| Working data |
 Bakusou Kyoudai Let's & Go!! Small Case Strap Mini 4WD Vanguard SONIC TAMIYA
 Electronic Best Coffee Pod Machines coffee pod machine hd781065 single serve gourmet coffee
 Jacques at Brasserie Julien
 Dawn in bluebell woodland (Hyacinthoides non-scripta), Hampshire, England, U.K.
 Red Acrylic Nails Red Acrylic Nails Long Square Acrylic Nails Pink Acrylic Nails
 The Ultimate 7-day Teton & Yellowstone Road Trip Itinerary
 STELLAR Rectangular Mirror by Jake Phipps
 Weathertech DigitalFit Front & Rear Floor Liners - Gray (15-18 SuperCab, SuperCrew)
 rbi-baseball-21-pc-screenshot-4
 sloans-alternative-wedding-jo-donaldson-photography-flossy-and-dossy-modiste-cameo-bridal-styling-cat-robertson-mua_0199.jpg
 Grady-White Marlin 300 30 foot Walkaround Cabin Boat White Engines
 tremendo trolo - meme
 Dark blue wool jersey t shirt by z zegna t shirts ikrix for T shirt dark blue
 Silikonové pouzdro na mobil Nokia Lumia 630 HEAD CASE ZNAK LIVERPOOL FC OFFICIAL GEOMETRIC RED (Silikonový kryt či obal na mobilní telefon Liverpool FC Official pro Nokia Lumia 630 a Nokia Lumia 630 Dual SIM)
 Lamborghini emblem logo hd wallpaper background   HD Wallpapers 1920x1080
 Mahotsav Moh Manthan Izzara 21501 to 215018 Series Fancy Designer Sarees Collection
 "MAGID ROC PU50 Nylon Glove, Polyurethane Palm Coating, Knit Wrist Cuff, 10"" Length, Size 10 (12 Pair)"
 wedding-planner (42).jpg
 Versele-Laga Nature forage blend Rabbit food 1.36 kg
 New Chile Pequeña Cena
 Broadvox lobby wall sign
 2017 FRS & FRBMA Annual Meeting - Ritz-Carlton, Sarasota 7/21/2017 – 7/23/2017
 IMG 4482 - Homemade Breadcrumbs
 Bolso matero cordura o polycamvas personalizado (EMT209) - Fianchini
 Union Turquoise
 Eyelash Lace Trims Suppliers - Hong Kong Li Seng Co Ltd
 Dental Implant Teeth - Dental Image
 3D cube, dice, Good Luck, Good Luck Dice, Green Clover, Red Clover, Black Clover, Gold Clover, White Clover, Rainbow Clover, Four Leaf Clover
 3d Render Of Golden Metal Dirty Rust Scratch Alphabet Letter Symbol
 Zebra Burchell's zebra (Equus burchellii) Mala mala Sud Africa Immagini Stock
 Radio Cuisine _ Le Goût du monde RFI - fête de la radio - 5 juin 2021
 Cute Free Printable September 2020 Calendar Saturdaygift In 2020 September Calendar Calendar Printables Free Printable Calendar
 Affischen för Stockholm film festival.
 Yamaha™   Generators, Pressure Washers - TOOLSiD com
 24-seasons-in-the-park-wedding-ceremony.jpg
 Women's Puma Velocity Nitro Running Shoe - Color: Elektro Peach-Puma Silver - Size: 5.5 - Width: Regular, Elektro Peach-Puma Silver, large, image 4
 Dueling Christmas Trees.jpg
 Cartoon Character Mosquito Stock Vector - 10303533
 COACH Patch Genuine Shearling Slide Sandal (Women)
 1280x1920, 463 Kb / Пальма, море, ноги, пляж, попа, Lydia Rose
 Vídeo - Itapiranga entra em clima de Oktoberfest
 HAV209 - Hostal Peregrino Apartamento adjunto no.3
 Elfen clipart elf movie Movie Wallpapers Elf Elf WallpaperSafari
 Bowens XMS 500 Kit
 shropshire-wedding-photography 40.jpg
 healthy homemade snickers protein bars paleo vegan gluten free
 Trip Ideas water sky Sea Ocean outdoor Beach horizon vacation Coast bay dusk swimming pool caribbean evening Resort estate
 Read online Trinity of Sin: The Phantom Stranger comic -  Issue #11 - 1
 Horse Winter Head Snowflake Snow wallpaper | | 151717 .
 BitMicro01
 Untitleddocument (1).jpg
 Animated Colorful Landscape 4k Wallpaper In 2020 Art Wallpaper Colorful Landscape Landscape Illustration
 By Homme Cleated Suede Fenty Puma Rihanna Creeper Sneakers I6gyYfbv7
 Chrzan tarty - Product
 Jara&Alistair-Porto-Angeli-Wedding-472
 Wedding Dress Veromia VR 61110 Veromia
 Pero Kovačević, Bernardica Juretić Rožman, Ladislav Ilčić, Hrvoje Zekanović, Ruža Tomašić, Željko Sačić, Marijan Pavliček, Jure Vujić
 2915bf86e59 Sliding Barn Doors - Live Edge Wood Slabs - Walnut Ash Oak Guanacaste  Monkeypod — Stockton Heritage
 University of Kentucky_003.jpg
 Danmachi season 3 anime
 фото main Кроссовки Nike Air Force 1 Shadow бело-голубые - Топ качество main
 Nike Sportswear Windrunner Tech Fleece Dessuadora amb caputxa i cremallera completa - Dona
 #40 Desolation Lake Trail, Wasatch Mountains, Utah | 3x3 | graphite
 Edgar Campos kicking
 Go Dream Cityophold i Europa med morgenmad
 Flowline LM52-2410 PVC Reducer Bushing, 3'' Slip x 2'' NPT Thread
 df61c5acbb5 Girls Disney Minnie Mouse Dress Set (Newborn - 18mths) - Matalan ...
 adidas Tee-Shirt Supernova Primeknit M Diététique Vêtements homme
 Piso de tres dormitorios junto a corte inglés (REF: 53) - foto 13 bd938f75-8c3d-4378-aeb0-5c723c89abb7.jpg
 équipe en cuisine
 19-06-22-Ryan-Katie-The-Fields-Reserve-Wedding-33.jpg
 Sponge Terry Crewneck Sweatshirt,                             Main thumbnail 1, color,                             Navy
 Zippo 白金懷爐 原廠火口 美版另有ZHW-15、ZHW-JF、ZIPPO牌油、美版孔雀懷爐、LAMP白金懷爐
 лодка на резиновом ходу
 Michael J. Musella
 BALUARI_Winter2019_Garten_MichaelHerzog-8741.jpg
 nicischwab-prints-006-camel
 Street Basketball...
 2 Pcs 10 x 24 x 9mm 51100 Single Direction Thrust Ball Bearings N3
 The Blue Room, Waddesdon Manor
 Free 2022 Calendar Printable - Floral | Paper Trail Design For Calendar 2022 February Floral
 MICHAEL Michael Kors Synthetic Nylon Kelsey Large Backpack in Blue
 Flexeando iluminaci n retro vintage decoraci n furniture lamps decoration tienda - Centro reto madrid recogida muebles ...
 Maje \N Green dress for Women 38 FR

| Required work |
Nothing should be returned except the lines from the one containing "équipe en cuisine" through the last line of the data, each restated word for word.

| Written response |
 équipe en cuisine
 19-06-22-Ryan-Katie-The-Fields-Reserve-Wedding-33.jpg
 Sponge Terry Crewneck Sweatshirt,                             Main thumbnail 1, color,                             Navy
 Zippo 白金懷爐 原廠火口 美版另有ZHW-15、ZHW-JF、ZIPPO牌油、美版孔雀懷爐、LAMP白金懷爐
 лодка на резиновом ходу
 Michael J. Musella
 BALUARI_Winter2019_Garten_MichaelHerzog-8741.jpg
 nicischwab-prints-006-camel
 Street Basketball...
 2 Pcs 10 x 24 x 9mm 51100 Single Direction Thrust Ball Bearings N3
 The Blue Room, Waddesdon Manor
 Free 2022 Calendar Printable - Floral | Paper Trail Design For Calendar 2022 February Floral
 MICHAEL Michael Kors Synthetic Nylon Kelsey Large Backpack in Blue
 Flexeando iluminaci n retro vintage decoraci n furniture lamps decoration tienda - Centro reto madrid recogida muebles ...
 Maje \N Green dress for Women 38 FR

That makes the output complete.